The high performance requirements lead to *task-level* parallelism, exploited in multi-processor architectures. The dynamic nature results in poor efficiency of compile-time schedules that are aimed at worst-case behavior. Therefore, run-time scheduling techniques aimed at average-case behavior must be used. Finding a good balance between programmability, performance and cost-efficiency leads to multi-processor systems with application domain specific processors that are each tuned towards a specific type of function. The key issue is to keep the overhead of interprocessor communication and synchronization small.

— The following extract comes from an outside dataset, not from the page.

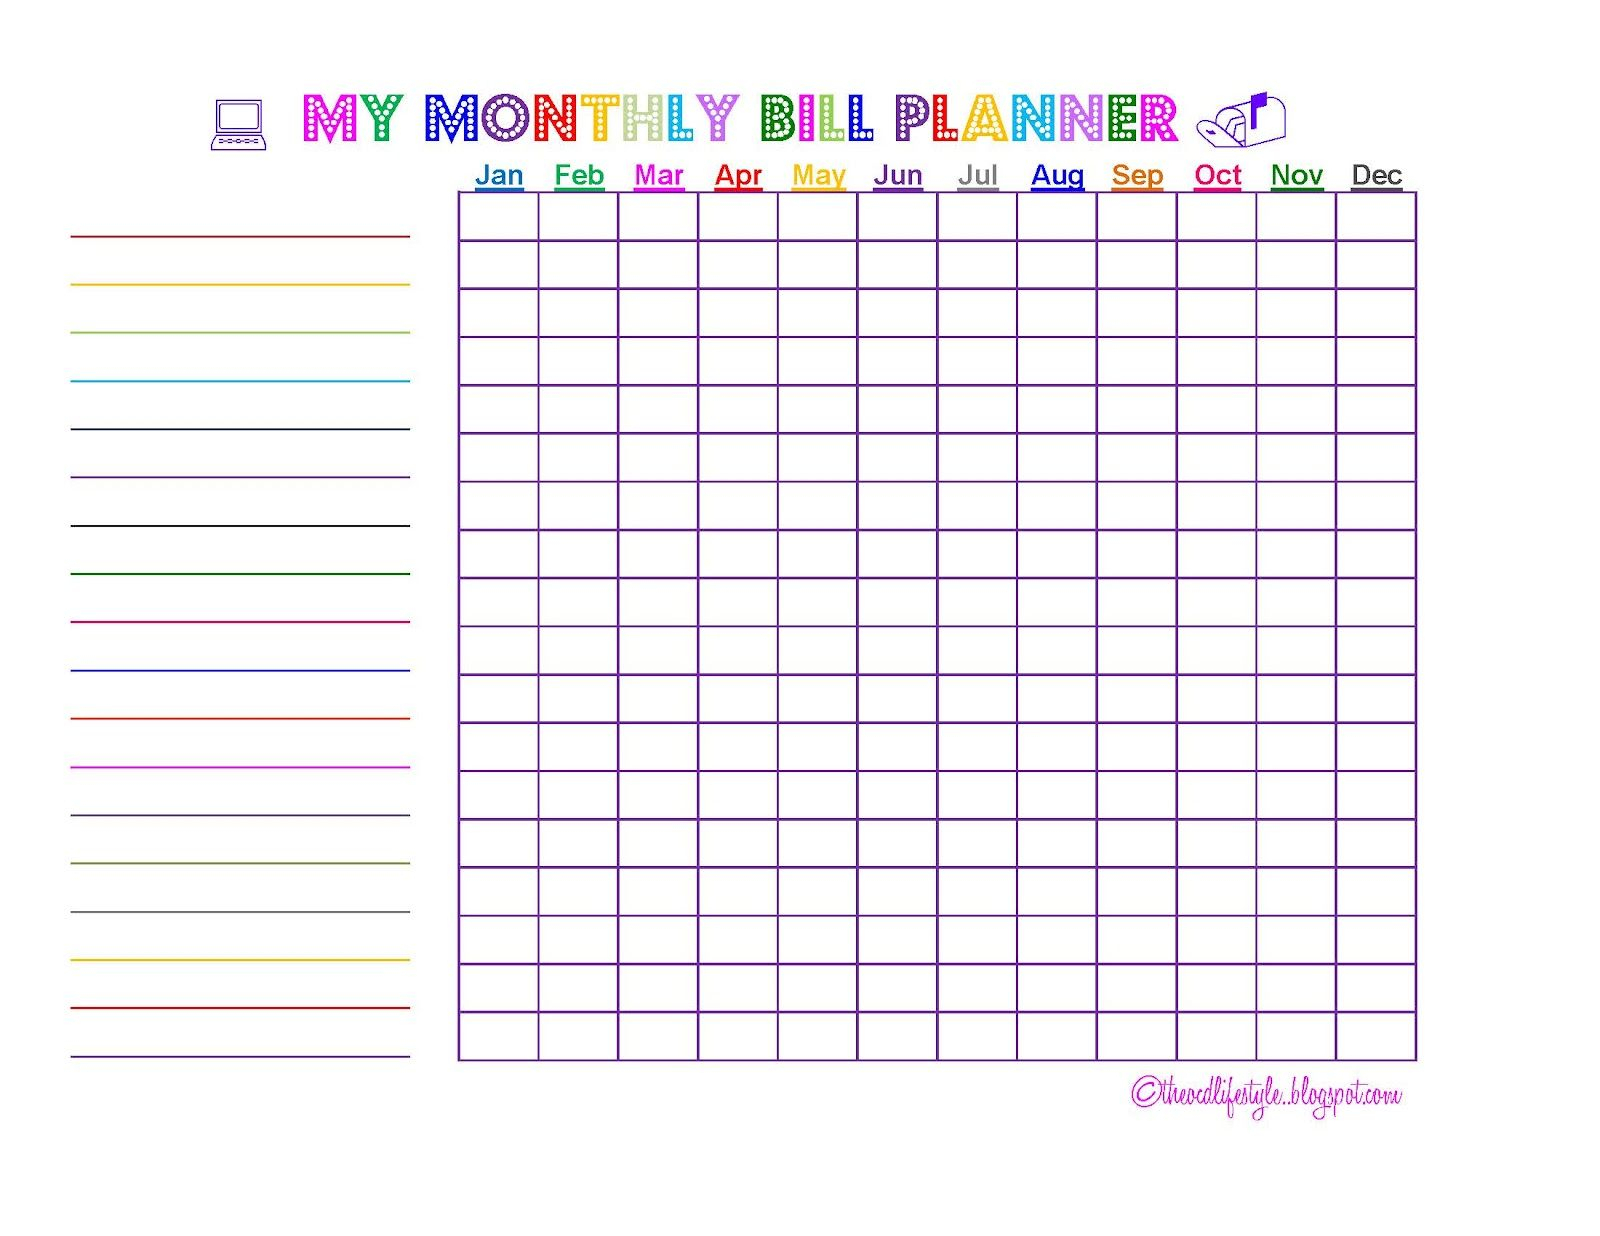 Free Monthly Bill Paying Chart Printable | Bill Planner with regard to Free Printable Monthly Bill Chart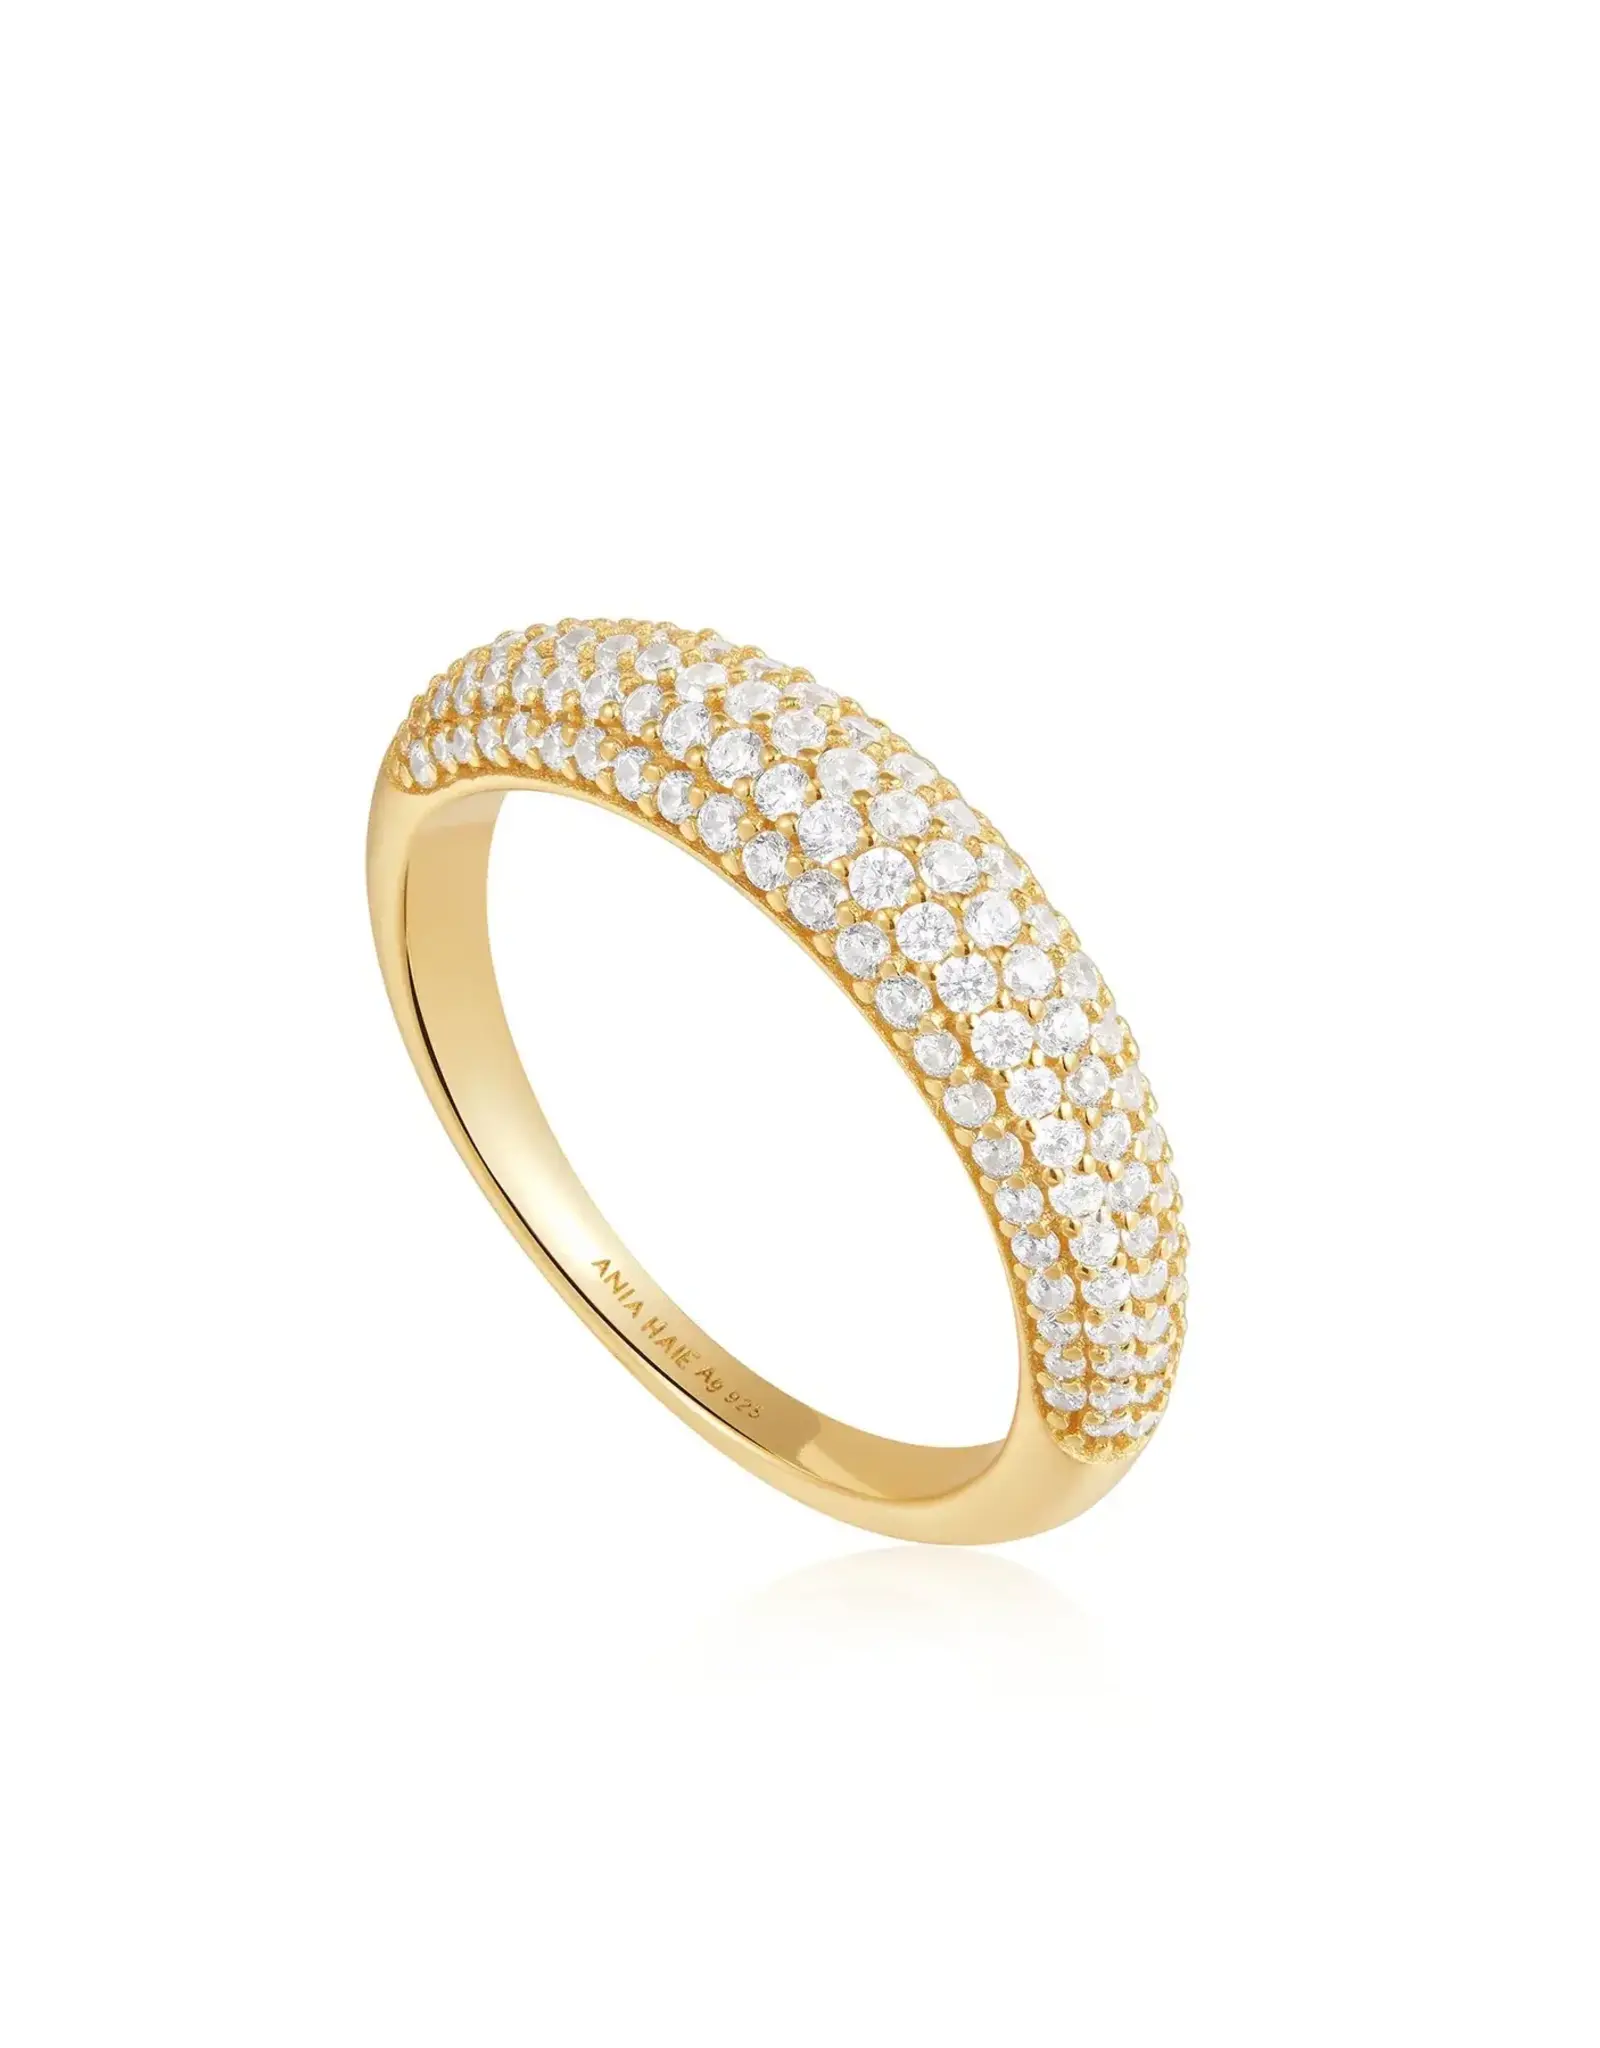 Ania Haie Ania haie - Ring gold pave dome M58

Our applications require in the order of 20 processors delivering 1 GOPS each, with a total interprocessor communication bandwidth of 30 to 40 Gbit/sec. With these requirements in mind we developed the PROPHID multi-processor target architecture template. This template can be customized to many different applications. A varying number of processors of any type ranging from hard-wired data paths to fully programmable processors can be used. Therefore, programmability at the processor level is supported. Processors are data-driven and communicate via *streams* that are split up into labelled *data* packets. Via the data implicit synchronization of parallel tasks is obtained. All interprocessor communication is handled by a reconfigurable communication network to which the processors are connected by means of buffers. network provides programmability This at the interprocessor level. Thus, processing is performed in

parallel and is controlled at a *local level* by each autonomous processor, while communication is performed and controlled at a *global level* by the communication network.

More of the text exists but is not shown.